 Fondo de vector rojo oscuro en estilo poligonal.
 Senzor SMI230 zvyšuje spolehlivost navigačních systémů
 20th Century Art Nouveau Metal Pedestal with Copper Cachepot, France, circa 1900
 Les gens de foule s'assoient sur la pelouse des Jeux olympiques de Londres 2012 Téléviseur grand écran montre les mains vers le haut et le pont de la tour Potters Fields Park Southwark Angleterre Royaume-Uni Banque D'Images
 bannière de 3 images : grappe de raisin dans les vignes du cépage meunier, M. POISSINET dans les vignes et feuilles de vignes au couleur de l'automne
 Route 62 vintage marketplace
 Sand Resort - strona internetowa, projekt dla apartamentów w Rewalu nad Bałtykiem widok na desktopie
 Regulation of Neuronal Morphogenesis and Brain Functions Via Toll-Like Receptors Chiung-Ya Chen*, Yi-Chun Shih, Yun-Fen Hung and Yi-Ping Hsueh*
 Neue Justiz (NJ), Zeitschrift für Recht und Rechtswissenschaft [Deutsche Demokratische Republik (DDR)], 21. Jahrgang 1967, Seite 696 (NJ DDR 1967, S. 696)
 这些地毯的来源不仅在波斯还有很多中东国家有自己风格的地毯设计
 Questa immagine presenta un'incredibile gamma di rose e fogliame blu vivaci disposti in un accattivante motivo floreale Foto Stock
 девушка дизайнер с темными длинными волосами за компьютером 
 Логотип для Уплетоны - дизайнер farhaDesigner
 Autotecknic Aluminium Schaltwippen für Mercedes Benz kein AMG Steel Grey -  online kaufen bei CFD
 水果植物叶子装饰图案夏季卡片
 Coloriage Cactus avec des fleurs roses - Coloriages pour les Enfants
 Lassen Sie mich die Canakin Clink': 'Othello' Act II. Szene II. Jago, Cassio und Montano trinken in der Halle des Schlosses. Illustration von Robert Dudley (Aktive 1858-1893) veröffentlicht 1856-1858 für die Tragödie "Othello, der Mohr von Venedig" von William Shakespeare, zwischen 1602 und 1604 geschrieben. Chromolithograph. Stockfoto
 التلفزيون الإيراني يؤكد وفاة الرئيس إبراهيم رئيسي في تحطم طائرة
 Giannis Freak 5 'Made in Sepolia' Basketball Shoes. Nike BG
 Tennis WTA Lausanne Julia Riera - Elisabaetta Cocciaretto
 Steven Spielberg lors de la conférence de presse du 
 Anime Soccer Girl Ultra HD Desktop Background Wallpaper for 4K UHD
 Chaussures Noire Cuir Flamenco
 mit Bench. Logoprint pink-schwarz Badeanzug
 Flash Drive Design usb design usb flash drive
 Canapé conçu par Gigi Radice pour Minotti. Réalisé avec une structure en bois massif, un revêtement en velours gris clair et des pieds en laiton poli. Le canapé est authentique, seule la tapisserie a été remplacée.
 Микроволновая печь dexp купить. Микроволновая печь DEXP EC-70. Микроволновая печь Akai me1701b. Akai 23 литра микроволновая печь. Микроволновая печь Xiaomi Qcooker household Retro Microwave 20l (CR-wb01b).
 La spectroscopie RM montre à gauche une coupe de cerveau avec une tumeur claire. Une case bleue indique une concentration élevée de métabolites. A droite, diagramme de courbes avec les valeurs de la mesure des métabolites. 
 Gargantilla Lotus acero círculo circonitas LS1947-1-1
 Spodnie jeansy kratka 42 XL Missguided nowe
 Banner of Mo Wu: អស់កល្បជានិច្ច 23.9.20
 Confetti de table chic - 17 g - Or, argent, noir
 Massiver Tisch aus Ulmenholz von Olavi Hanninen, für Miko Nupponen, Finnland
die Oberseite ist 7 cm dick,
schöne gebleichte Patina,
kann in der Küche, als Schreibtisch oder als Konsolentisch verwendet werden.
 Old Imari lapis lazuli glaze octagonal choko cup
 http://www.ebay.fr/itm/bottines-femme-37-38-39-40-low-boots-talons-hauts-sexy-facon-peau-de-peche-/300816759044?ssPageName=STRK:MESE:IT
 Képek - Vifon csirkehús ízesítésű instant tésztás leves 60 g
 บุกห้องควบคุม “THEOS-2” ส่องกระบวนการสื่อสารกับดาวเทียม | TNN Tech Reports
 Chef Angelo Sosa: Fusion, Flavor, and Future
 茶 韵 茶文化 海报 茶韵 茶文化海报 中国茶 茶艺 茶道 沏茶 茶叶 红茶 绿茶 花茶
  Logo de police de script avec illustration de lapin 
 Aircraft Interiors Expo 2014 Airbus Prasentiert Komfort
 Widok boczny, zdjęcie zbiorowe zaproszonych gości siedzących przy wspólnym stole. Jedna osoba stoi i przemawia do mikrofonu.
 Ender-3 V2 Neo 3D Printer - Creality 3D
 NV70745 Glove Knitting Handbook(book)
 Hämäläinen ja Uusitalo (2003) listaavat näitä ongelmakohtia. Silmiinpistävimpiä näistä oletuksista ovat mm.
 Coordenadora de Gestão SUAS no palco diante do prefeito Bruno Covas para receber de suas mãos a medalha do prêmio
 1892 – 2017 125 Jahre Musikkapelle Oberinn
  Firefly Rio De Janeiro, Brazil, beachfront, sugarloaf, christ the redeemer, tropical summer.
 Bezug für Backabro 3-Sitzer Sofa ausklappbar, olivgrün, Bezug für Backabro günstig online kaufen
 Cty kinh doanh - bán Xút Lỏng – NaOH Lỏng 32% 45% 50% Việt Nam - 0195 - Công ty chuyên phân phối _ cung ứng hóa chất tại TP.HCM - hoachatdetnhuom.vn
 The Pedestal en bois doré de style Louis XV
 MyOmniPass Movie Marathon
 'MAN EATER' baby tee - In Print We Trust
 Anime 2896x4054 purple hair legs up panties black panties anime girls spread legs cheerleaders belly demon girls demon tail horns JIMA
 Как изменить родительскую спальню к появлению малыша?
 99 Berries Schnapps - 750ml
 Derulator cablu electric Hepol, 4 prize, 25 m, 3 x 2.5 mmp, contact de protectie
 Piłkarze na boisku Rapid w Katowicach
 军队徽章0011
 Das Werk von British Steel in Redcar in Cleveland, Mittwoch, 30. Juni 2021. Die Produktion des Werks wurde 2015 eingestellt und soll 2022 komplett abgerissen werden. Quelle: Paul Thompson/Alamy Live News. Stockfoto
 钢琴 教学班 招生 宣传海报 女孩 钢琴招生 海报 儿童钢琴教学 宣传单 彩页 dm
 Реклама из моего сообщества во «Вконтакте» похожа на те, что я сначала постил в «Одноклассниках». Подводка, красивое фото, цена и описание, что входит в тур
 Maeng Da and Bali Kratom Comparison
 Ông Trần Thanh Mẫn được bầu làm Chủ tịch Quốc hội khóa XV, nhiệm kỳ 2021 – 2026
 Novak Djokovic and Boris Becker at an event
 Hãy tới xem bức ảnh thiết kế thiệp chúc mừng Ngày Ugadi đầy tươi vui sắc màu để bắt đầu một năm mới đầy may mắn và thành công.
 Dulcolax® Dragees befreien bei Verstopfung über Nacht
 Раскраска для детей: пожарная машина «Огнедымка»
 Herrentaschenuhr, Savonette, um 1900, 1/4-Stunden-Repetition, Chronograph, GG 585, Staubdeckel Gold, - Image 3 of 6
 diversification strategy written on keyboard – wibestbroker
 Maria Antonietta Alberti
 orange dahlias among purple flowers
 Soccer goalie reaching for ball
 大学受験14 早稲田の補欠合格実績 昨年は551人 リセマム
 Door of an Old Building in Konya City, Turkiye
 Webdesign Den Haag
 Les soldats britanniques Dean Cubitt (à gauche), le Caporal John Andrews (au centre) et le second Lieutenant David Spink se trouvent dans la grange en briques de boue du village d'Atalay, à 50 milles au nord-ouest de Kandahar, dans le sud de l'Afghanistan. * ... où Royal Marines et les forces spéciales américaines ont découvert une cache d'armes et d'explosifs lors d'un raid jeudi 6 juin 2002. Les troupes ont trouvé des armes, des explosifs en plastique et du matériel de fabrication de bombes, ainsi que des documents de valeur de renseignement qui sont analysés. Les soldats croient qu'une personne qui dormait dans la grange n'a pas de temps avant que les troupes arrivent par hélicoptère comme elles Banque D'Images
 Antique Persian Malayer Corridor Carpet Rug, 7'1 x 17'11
--
> **Assigned task**: Only the lines above from the line with "Questa immagine presenta" to the line with "Gargantilla Lotus acero", those two lines included, should be reproduced exactly.

> **Response**:
 Questa immagine presenta un'incredibile gamma di rose e fogliame blu vivaci disposti in un accattivante motivo floreale Foto Stock
 девушка дизайнер с темными длинными волосами за компьютером 
 Логотип для Уплетоны - дизайнер farhaDesigner
 Autotecknic Aluminium Schaltwippen für Mercedes Benz kein AMG Steel Grey -  online kaufen bei CFD
 水果植物叶子装饰图案夏季卡片
 Coloriage Cactus avec des fleurs roses - Coloriages pour les Enfants
 Lassen Sie mich die Canakin Clink': 'Othello' Act II. Szene II. Jago, Cassio und Montano trinken in der Halle des Schlosses. Illustration von Robert Dudley (Aktive 1858-1893) veröffentlicht 1856-1858 für die Tragödie "Othello, der Mohr von Venedig" von William Shakespeare, zwischen 1602 und 1604 geschrieben. Chromolithograph. Stockfoto
 التلفزيون الإيراني يؤكد وفاة الرئيس إبراهيم رئيسي في تحطم طائرة
 Giannis Freak 5 'Made in Sepolia' Basketball Shoes. Nike BG
 Tennis WTA Lausanne Julia Riera - Elisabaetta Cocciaretto
 Steven Spielberg lors de la conférence de presse du 
 Anime Soccer Girl Ultra HD Desktop Background Wallpaper for 4K UHD
 Chaussures Noire Cuir Flamenco
 mit Bench. Logoprint pink-schwarz Badeanzug
 Flash Drive Design usb design usb flash drive
 Canapé conçu par Gigi Radice pour Minotti. Réalisé avec une structure en bois massif, un revêtement en velours gris clair et des pieds en laiton poli. Le canapé est authentique, seule la tapisserie a été remplacée.
 Микроволновая печь dexp купить. Микроволновая печь DEXP EC-70. Микроволновая печь Akai me1701b. Akai 23 литра микроволновая печь. Микроволновая печь Xiaomi Qcooker household Retro Microwave 20l (CR-wb01b).
 La spectroscopie RM montre à gauche une coupe de cerveau avec une tumeur claire. Une case bleue indique une concentration élevée de métabolites. A droite, diagramme de courbes avec les valeurs de la mesure des métabolites. 
 Gargantilla Lotus acero círculo circonitas LS1947-1-1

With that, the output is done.